The data below should be copied out exactly, with its pictures omitted.

Material provided:
↓

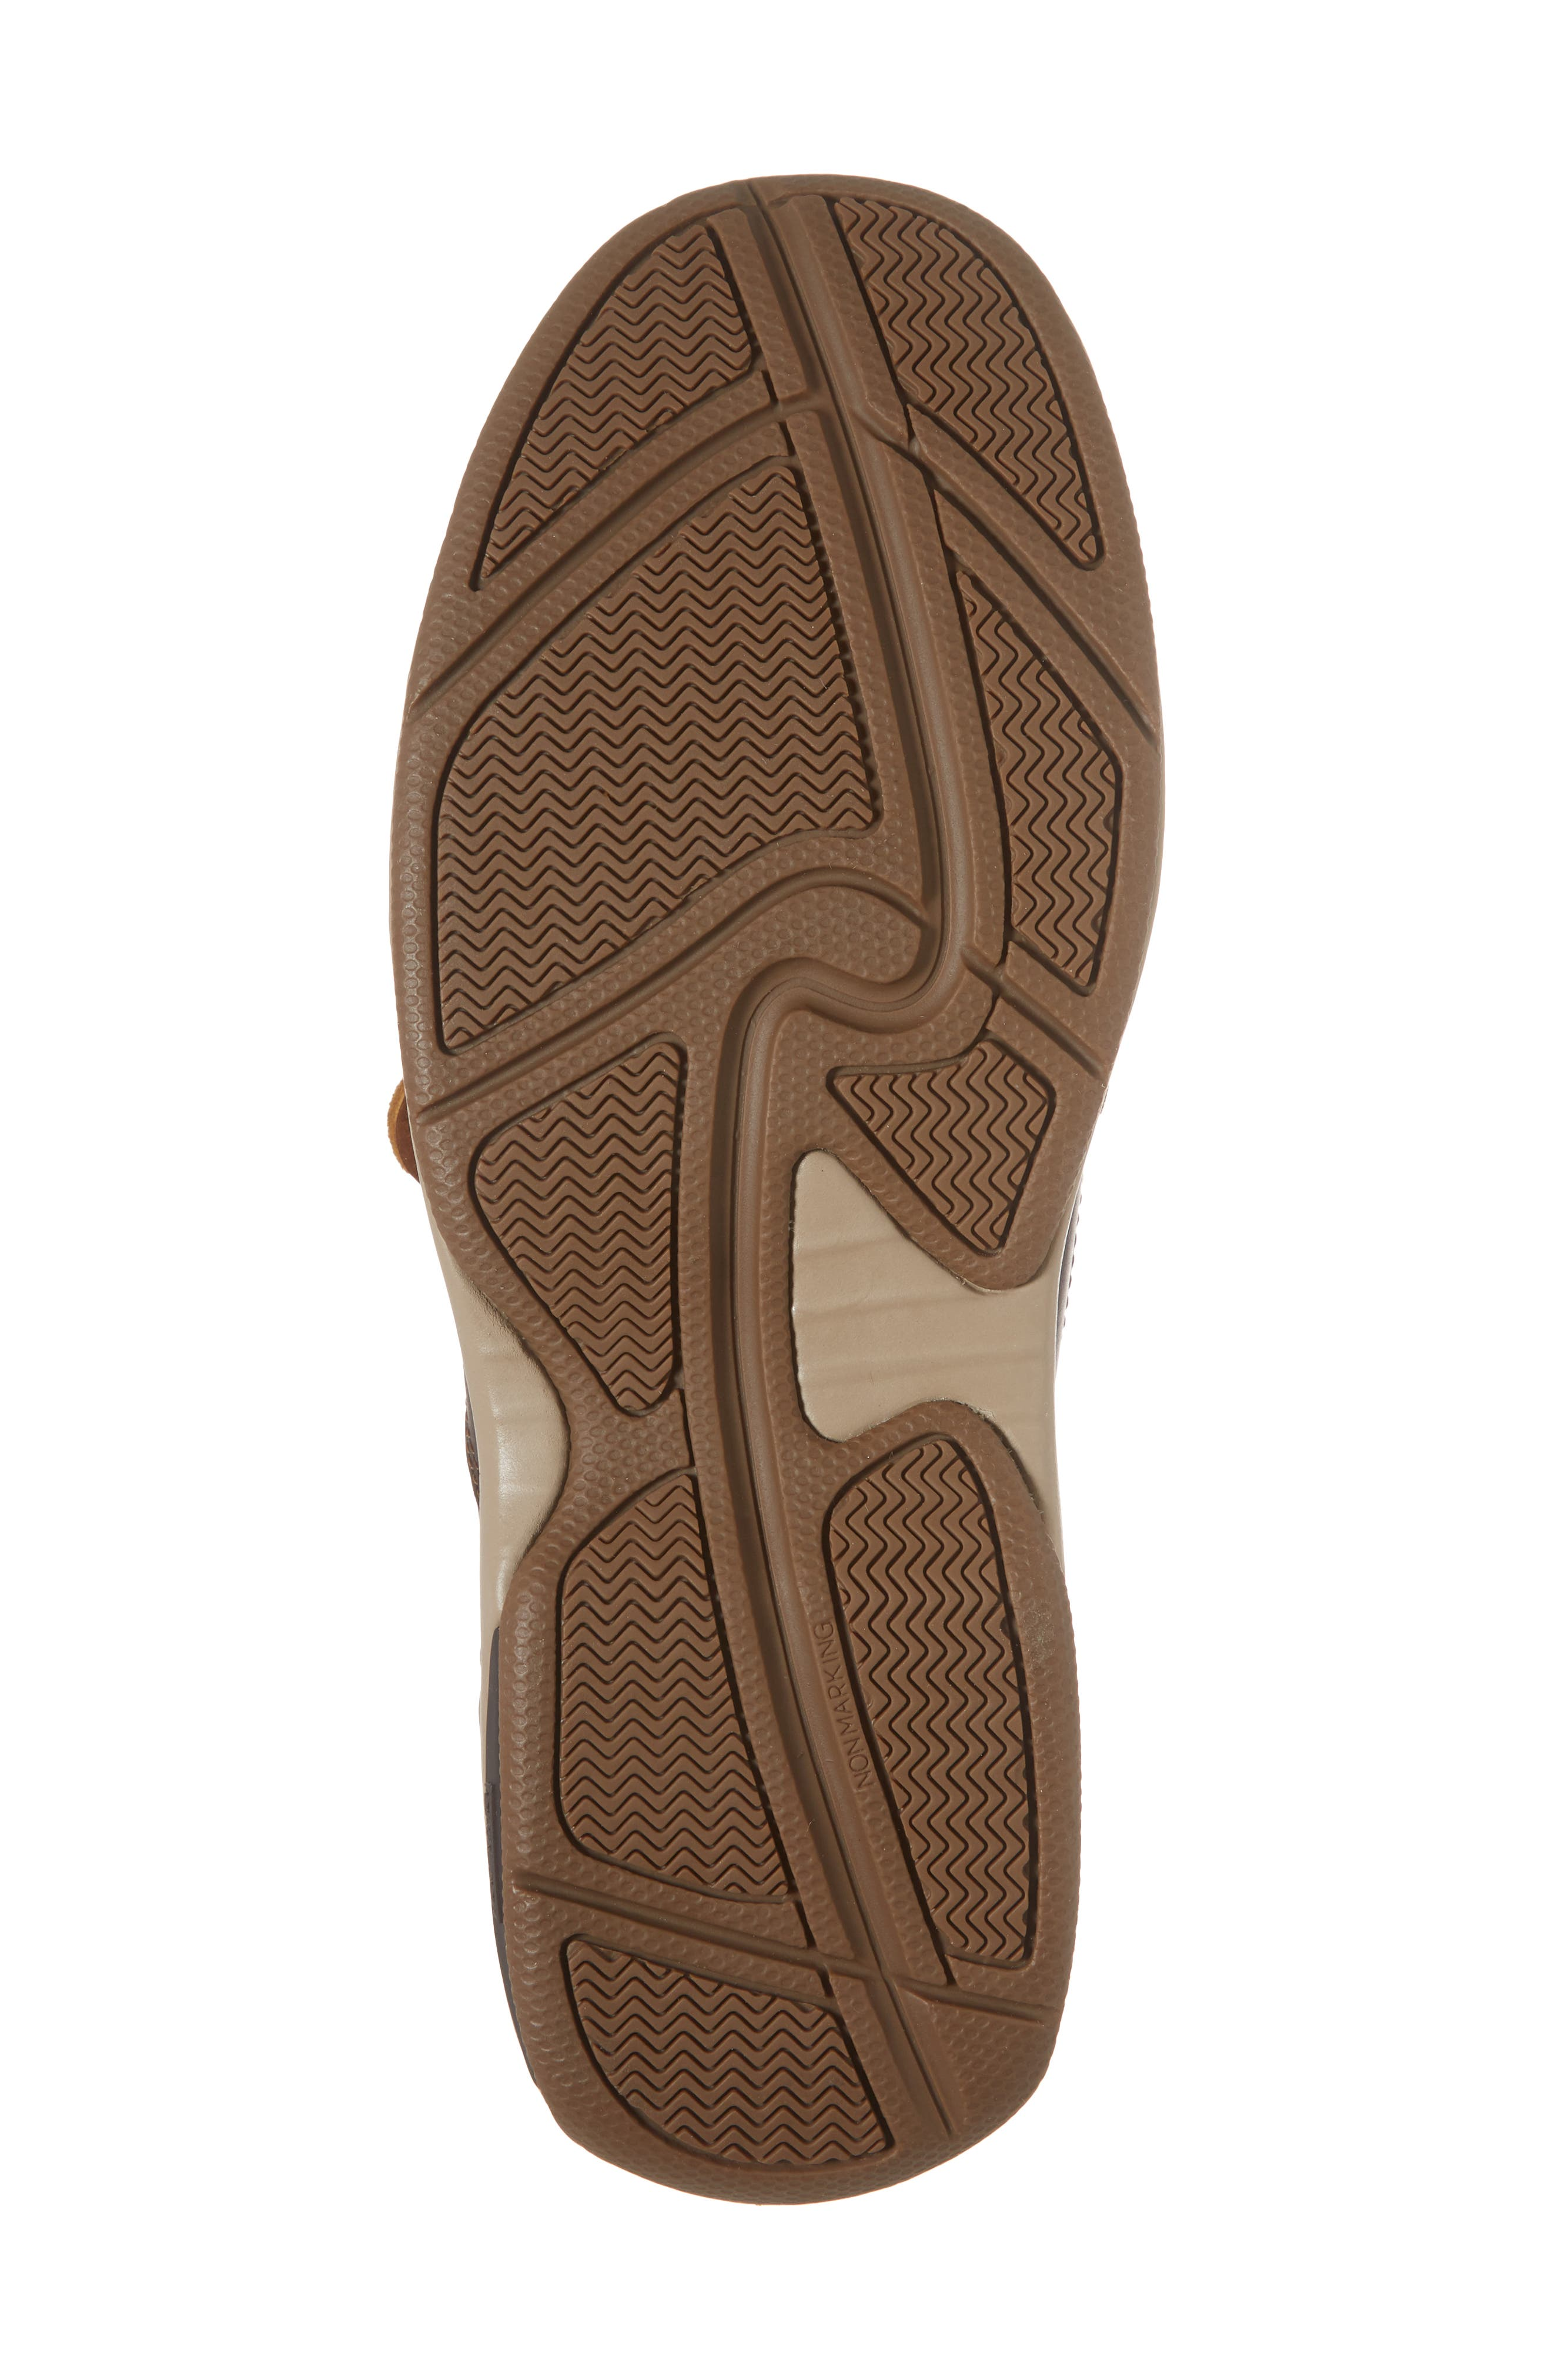 LTD Water Resistant Boat Shoe,                             Alternate thumbnail 6, color,                             Tan Leather
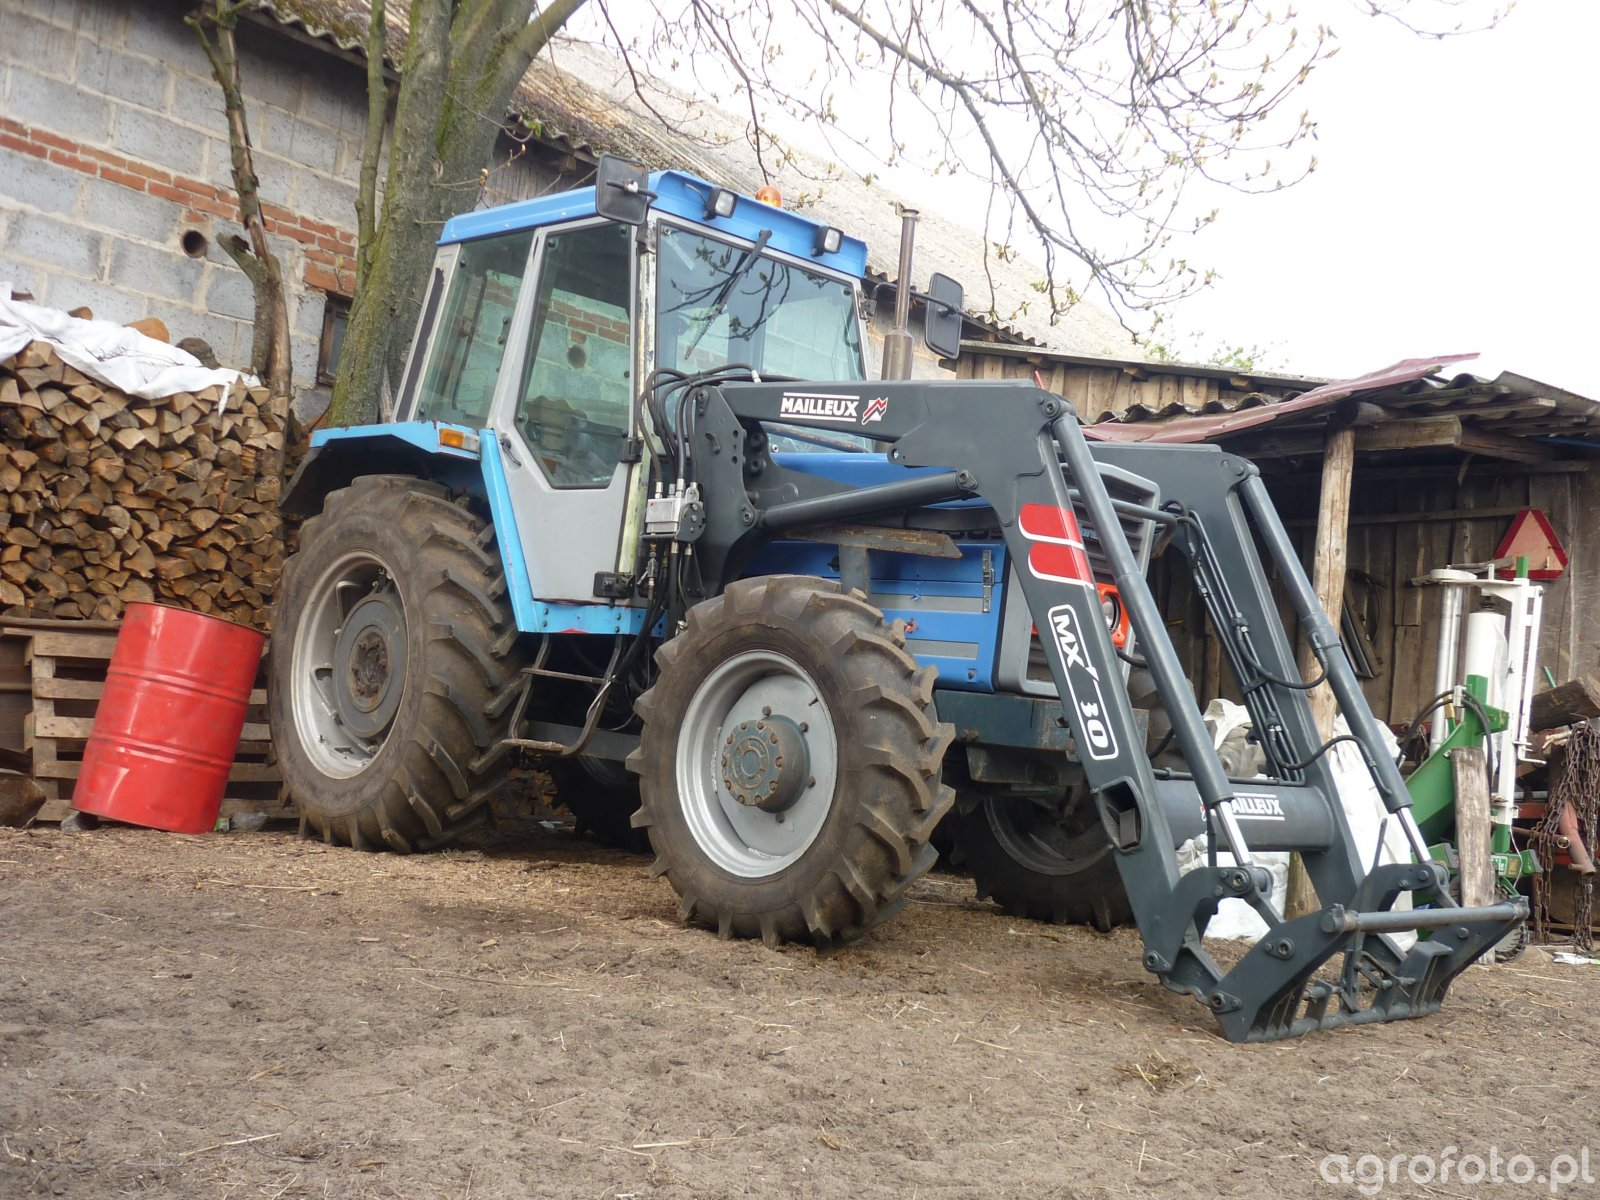 Landini 6550 + mallineux 80
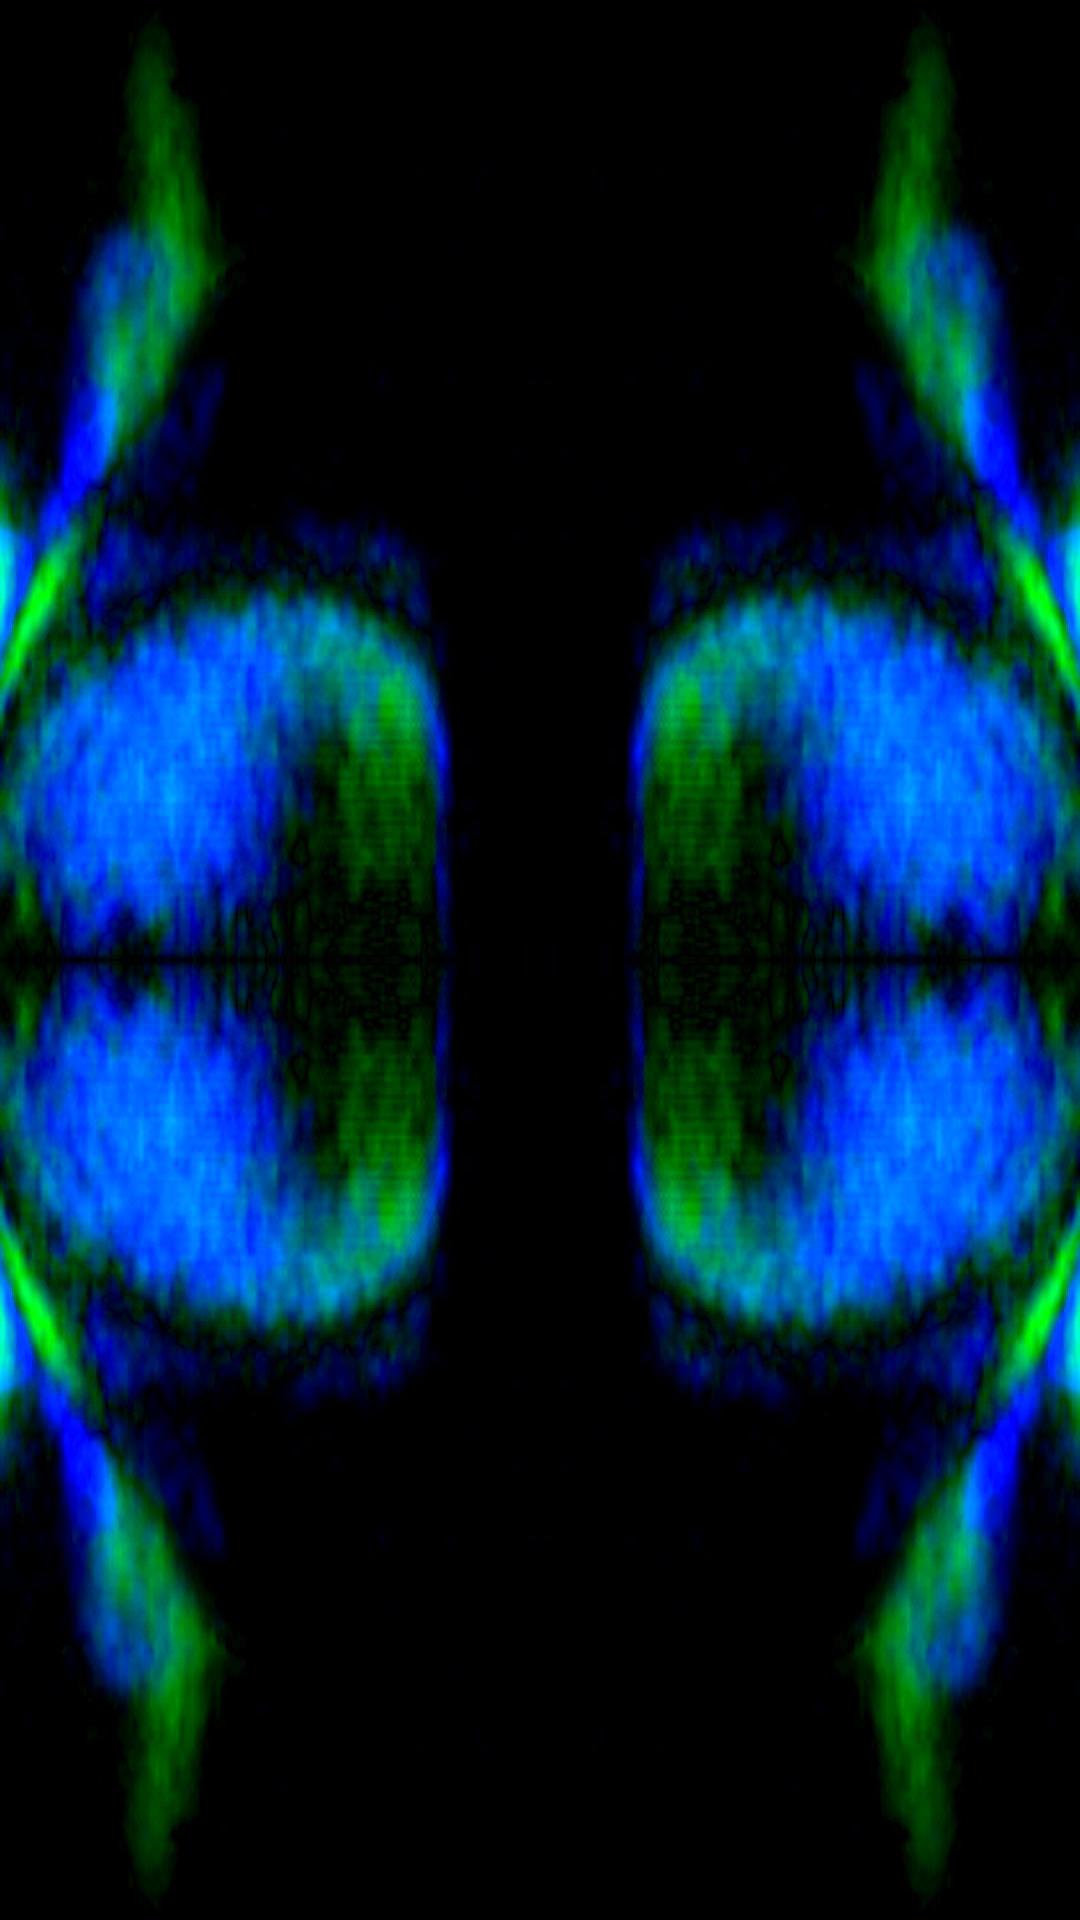 Lake - Central Blob 3

↑

Written answer:
 LTD Water Resistant Boat Shoe,                             Alternate thumbnail 6, color,                             Tan Leather
 Landini 6550 + mallineux 80
 Lake - Central Blob 3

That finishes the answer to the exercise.